ИЗ ИСТОРИИ ТЕКСТА СТИХОТВОРЕНИЙ АЛЕКСАНДРА БЛОКА
Известное посвящение «К Музе», открывающее теперь третий том, впервые было напечатано в «Русской мысли» (1913, № 11) в составе девяти строф. В издании 1916 г. перепечатано всего шесть строф. В издании 1921 г. восстановлены две строфы.
Другое стихотворение, не менее известное, «О жизни, догоревшей в хоре...» насчитывает в первой журнальной редакции восемь строф. Строфы IV и V отсутствуют в самой краткой редакции в издании 1916 г.; в предшествующих изданиях отсутствует только строфа IV; в двух последних обе строфы восстановлены, согласно журнальной редакции.
В стихотворении «Русь» («Ты и во сне необычайна...») в издании 1916 г. пропущена строфа IX, присутствующая в первой журнальной редакции и в четырех остальных изданиях сборника «Земля в снегу».
Стихотворение, посвященное Н. Н. Волоховой («Я в дольний мир вошла, как в ложу...», имеет во всех изданиях, кроме издания 1916 г., метрически обособленную коду.
Наконец, из стихотворения, посвященного Венеции, напечатанного полностью в «Русской мысли» и в третьей книге стихотворений (издание 1921 г.), в издании 1916 г. Блок печатает лишь среднее четверостишие, исключая метрически обособленное вступление (4 стиха) и окончание (6 стихов).
1923 г.
ДРАМА АЛЕКСАНДРА БЛОКА «РОЗА И КРЕСТ»
Литературные источники
Глава I. Общий замысел
Драма Александра Блока «Роза и Крест» представляет существенно новый этап в развитии поэта по сравнению с его ранними лирическими драмами. Основная тема лирического творчества Блока — тема романтической любви — раскрывается в этом произведении (как и в стихотворениях третьего тома) в реальных драматических конфликтах и противоречиях, отражающих кризис романтического мировоззрения самого поэта.

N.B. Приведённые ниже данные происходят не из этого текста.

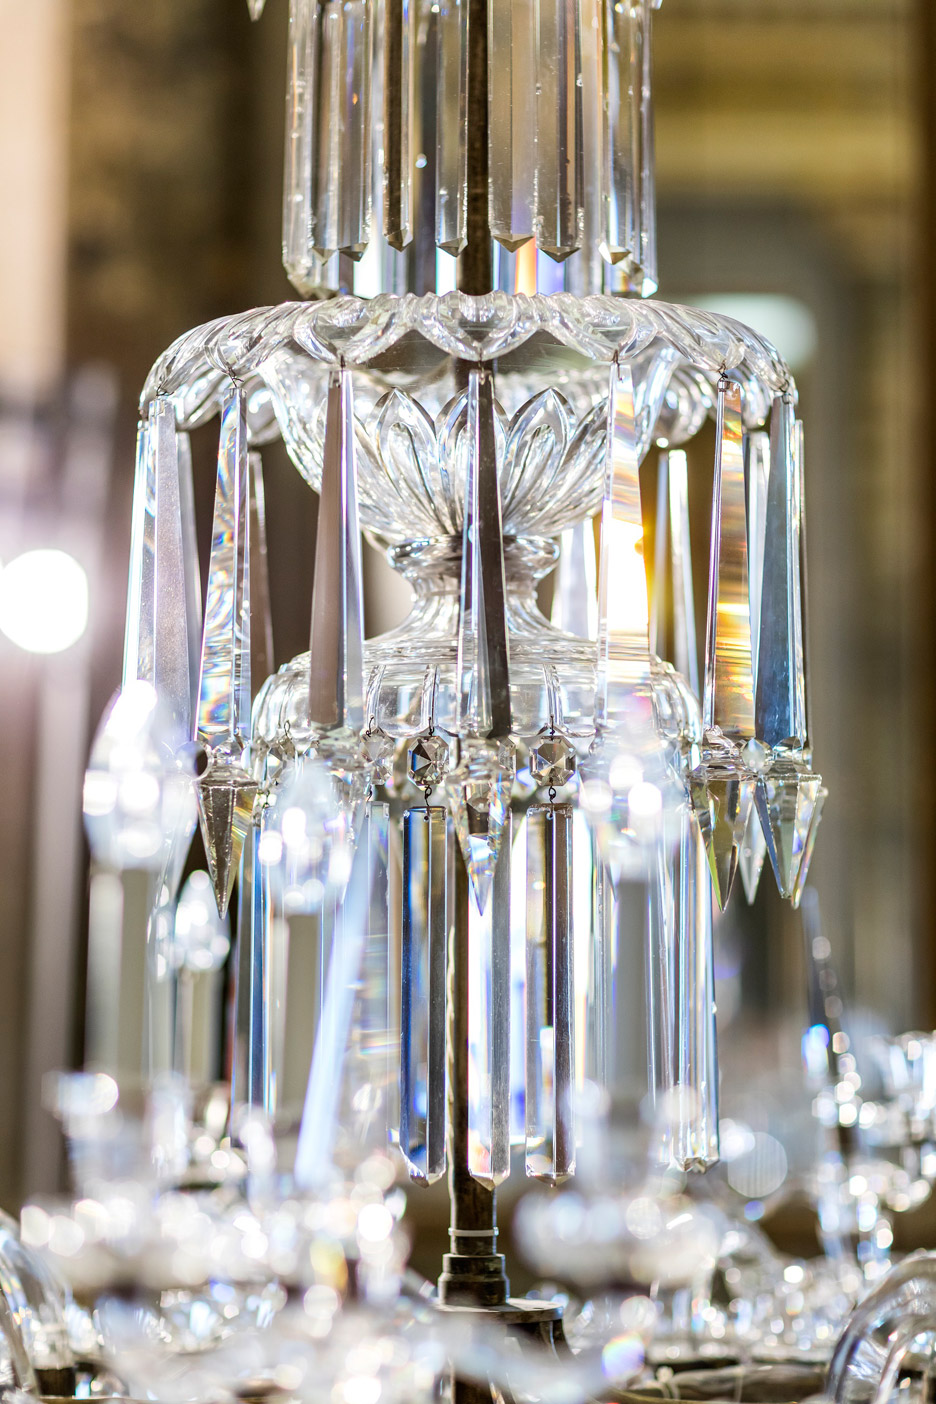 Lasvit restores crystal chandeliers for Milan design week

Поэма «Возмездие» (1910 — 1921) — роман в стихах, в котором личные душевные конфликты развернуты на широком, эпическом фоне общественной жизни недавнего прошлого, жизни отцов, непосредственно определившей судьбу их детей, — перекликается в этом отношении с драмой «Роза и Крест» (1912), с ее новым для Блока объективным показом современной лирико-романтической темы, опрокинутой в исторические образы отдаленного, но созвучного поэту-романтику средневекового прошлого. Оба произведения, созданные между двух революций, свидетельствуют об одинаковой тенденции в творчестве крупнейшего поэта этого переходного времени — к выходу за пределы субъективной лирики и субъективно-идеалистического мировоззрения раннего символизма.
Глава II. Творческая история. Обращение к источникам
История работы Блока над драмой «Роза и Крест» по материалам черновых рукописей, дневников и писем с исчерпывающей полнотой резюмирована В. Н. Орловым в примечаниях к однотомнику и Л. К. Долгополовым в последнем Собрании сочинений Александра Блока.

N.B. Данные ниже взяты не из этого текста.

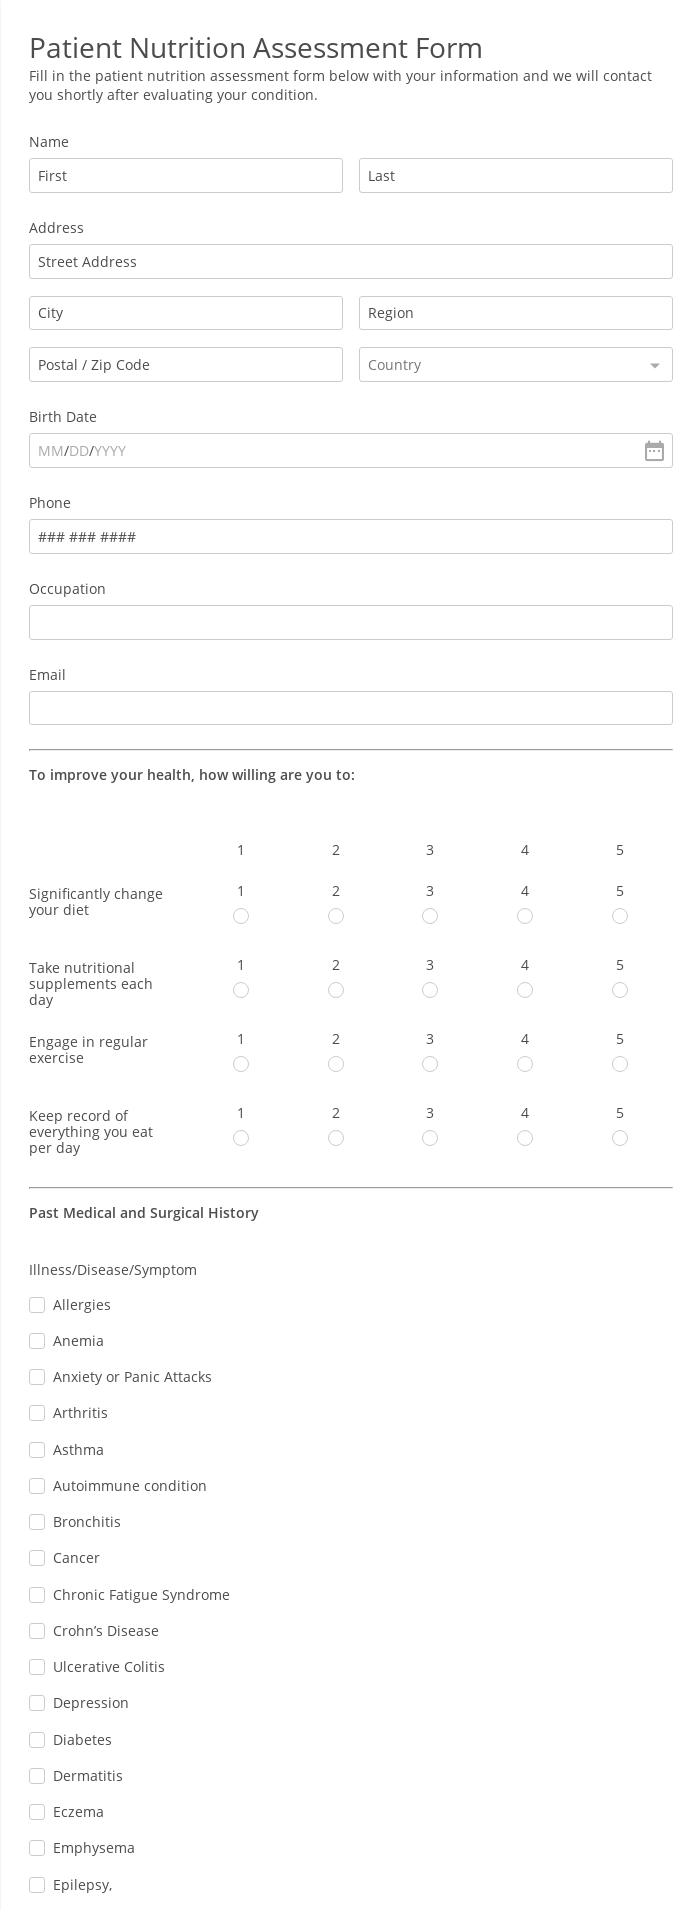 Patient Nutrition Assessment Form

С конца марта Блок приступает к работе. К этому времени относится первый набросок балетного сценария, в котором основным сюжетом уже является душевная драма будущей Изоры.
В мае Блок приходит к убеждению, что ему следует писать не балет, а либретто для оперы; иными словами, сценарий сюжета начинает воплощаться в стихотворный текст. К началу июля первая редакция «оперы» закончена.
В процессе работы опера перерастает в стихотворную драму. Существенную роль при этом играет углубленная разработка образа «несчастного Бертрана».
Долгий творческий путь, проделанный пьесой — от балетного сценария через оперное либретто к стихотворной драме — в течение года напряженной работы, свидетельствует о внутренних трудностях, связанных с развертыванием лирической темы на новом, объективном, хотя и созвучном поэту историческом материале. Характерно, что эта работа Блока над пьесой сопровождается на всех ее этапах авторскими пояснениями замысла сперва для себя, позднее — в форме развернутых объяснительных записок, предназначенных в первую очередь для руководителей и артистов московского Художественного театра, с которыми велись переговоры о постановке драмы.
В апреле 1913 г., еще до появления «Розы и Креста» в печати, Блок предложил свою пьесу К. С. Станиславскому.
В марте 1916 г. Художественный театр уже по собственной инициативе предложил Блоку поставить пьесу. 29 марта Блок приехал в Москву и принял участие в предварительном обсуждении намеченной постановки.
К тому же году относится и переиздание пьесы в книге «Театр».
Рабочие тетради Блока представляют две школьные тетрадки обычного формата, в синих обложках, которые поэт аккуратно оклеил с внешней и внутренней стороны вырезками из какого-то французского журнала 1880 — 1890-х годов, вероятно принадлежавшего семье Блока: гравюрками на дереве, воспроизводящими произведения средневекового французского искусства, и небольшими статьями и заметками популярного характера по старофранцузской литературе. Гравюра на лицевой стороне первой по времени тетради изображает сцену из «Романа о Розе».
Первая тетрадь открывается (л. 1a — 3а) уже известным нам начальным наброском сценария провансальского балета.